“A new approach to mental health and addiction will reduce bureaucracy, improve patient choice, and empower New Zealanders,” says ACT’s Deputy Leader and Health Spokesperson Brooke van Velden.
“Each year, the government spends about $2 billion on mental health and addiction services. Yet, almost nobody is satisfied with the outcomes.
“Our current mental health system is a disorderly mix of DHBs, NGOs, and primary health care providers all struggling to provide a coordinated response.
“People who seek treatment describe a difficult-to-navigate bureaucracy, post code lotteries, and a lack of choice in services and resources to suit their individual and community needs.
“Meanwhile, attitudes to mental health issues have shifted significantly. There’s less stigma and the number of people accessing mental health and addiction services has grown by 73 percent over the past 10 years.
“Around four-in-five New Zealanders will face mental health challenges throughout their lives.
“But mental health services have become a victim of the same fragmentation and inconsistency that comes with the DHB model. The issue is too important to leave in the hands of the DHBs.
“We need an approach that will solve the big problems identified in the Government’s Mental Health Inquiry:
• Inequity of access and lack of choice
• Too much confusion and bureaucracy
• People having to navigate a web of agencies
• No whole-of-government approach
• Too much burden placed on primary healthcare providers who are not always well-equipped.
“The Government has established a Mental Health and Wellbeing Commission, but it does not have real power to improve choice or establish a clear, nationwide approach to tackling mental health and addiction.
“ACT would give the Commission the power to transform mental health and addiction services by taking the $2 billion per annum currently spent through the Ministry of Health and DHBs, and channelling it to providers and patients through an upgraded Commission.
“The Commission would be renamed Mental Health and Addiction New Zealand (MHANZ).
“MHANZ would not be a provider of services, but a world-class commissioning agency that assesses individual needs and contracts the best providers for a person’s therapy and care. It would put people at the heart of the system.
“MHANZ would be the one central interface for mental health and addiction funding, reducing bureaucracy and administrative burden.
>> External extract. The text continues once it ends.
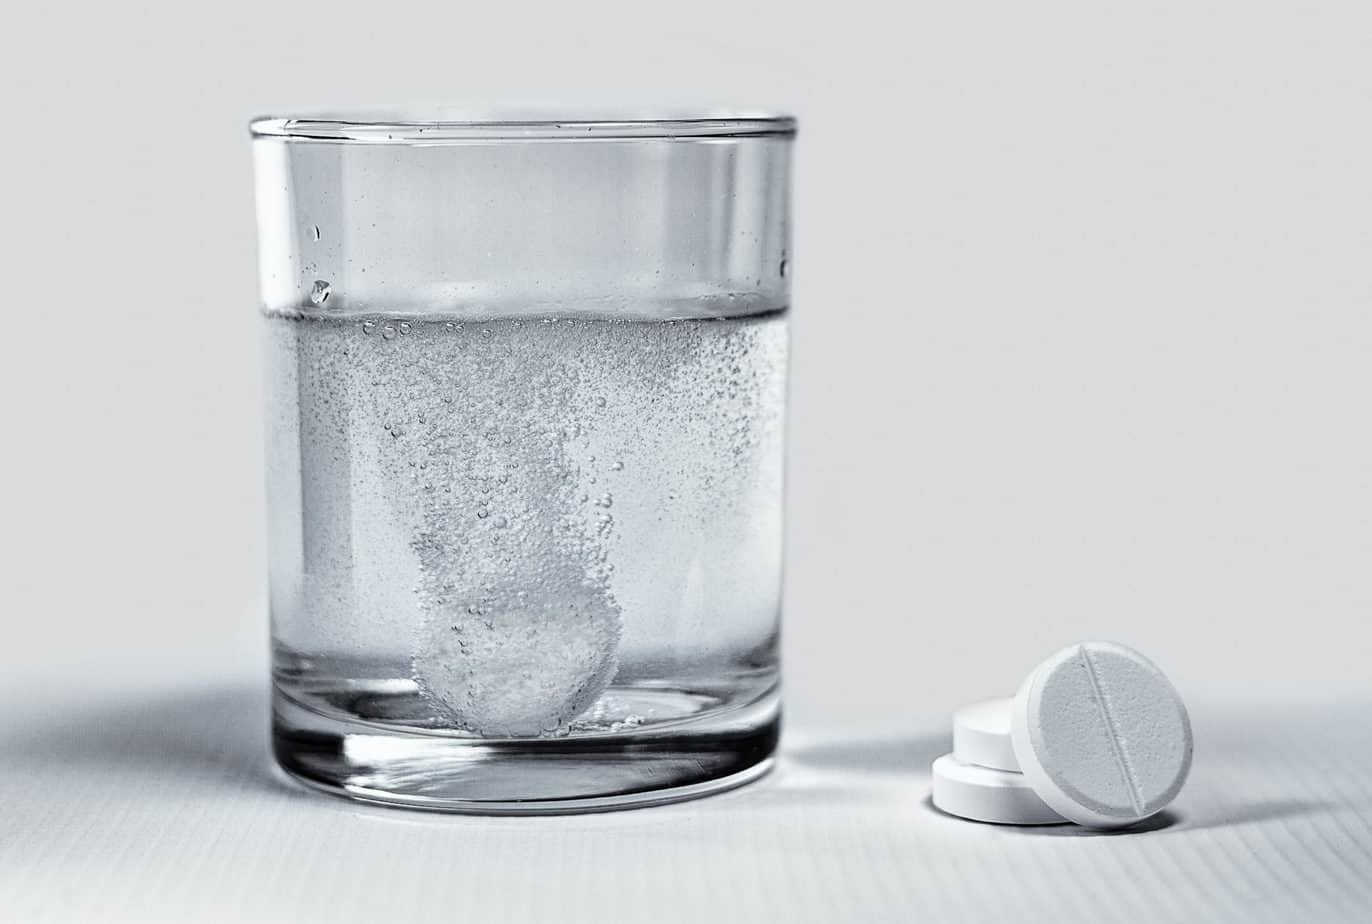 medicines disposal environmental effects

It would develop expertise in evaluating where the money is going and what services work based on evidence and data. It would issue clear and certain contracts to service providers while keeping a keen eye on outcomes and quality of care.
“Any provider that meets strict criteria would be able to register with MHANZ to provide treatment and care. Funding for services would be determined by and attached to the care of individuals and their needs. MHANZ would carefully monitor providers to ensure New Zealanders are receiving high quality care.
“Patients would be able to choose any registered provider for their immediate care, providing greater autonomy, or would be referred to a specific provider in cases where a person lacks the capacity to do so or requires specialised treatment.
“MHANZ’s interface would be simple, user friendly, and the only information needed for mental health and addiction services nationwide.
“The Government’s Mental Health Inquiry painted a picture of an outdated system. It has responded with more money, but increased funding will not guarantee improvements in care. More funding does not address the issues of choice, accountability, value for money, and individual and community needs.
“We can and must do better. ACT’s vision is for mental health and addiction services which empower New Zealanders.”